## Your task:
Please transcribe exactly, and only, the lines of the data below between the line holding "Мэр Сургута внезапно" and the line holding "Mùa Giáng Sinh đã", inclusive.

## Supplied records:
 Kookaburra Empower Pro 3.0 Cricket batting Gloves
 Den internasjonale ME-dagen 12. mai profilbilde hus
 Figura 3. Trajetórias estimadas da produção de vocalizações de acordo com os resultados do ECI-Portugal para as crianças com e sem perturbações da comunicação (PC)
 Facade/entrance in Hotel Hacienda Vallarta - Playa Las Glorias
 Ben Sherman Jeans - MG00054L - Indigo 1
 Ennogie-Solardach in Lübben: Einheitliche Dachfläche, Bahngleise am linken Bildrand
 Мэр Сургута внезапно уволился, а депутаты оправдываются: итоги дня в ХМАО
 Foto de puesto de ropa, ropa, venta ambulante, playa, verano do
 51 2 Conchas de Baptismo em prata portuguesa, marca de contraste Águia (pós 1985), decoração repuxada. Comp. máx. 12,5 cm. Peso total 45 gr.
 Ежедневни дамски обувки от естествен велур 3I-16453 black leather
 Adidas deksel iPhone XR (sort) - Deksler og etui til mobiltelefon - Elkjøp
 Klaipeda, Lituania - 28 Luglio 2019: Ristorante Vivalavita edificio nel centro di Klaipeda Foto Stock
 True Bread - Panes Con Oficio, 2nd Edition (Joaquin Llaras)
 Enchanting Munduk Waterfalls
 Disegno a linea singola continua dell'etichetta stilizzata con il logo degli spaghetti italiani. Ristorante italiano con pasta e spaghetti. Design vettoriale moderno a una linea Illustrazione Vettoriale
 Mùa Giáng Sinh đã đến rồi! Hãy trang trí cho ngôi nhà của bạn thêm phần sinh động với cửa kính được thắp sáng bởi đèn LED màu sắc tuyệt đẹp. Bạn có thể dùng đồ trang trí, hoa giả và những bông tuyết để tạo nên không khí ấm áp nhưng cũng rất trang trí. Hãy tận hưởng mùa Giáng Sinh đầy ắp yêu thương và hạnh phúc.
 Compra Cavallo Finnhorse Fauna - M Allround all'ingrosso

## Your solution:
 Мэр Сургута внезапно уволился, а депутаты оправдываются: итоги дня в ХМАО
 Foto de puesto de ropa, ropa, venta ambulante, playa, verano do
 51 2 Conchas de Baptismo em prata portuguesa, marca de contraste Águia (pós 1985), decoração repuxada. Comp. máx. 12,5 cm. Peso total 45 gr.
 Ежедневни дамски обувки от естествен велур 3I-16453 black leather
 Adidas deksel iPhone XR (sort) - Deksler og etui til mobiltelefon - Elkjøp
 Klaipeda, Lituania - 28 Luglio 2019: Ristorante Vivalavita edificio nel centro di Klaipeda Foto Stock
 True Bread - Panes Con Oficio, 2nd Edition (Joaquin Llaras)
 Enchanting Munduk Waterfalls
 Disegno a linea singola continua dell'etichetta stilizzata con il logo degli spaghetti italiani. Ristorante italiano con pasta e spaghetti. Design vettoriale moderno a una linea Illustrazione Vettoriale
 Mùa Giáng Sinh đã đến rồi! Hãy trang trí cho ngôi nhà của bạn thêm phần sinh động với cửa kính được thắp sáng bởi đèn LED màu sắc tuyệt đẹp. Bạn có thể dùng đồ trang trí, hoa giả và những bông tuyết để tạo nên không khí ấm áp nhưng cũng rất trang trí. Hãy tận hưởng mùa Giáng Sinh đầy ắp yêu thương và hạnh phúc.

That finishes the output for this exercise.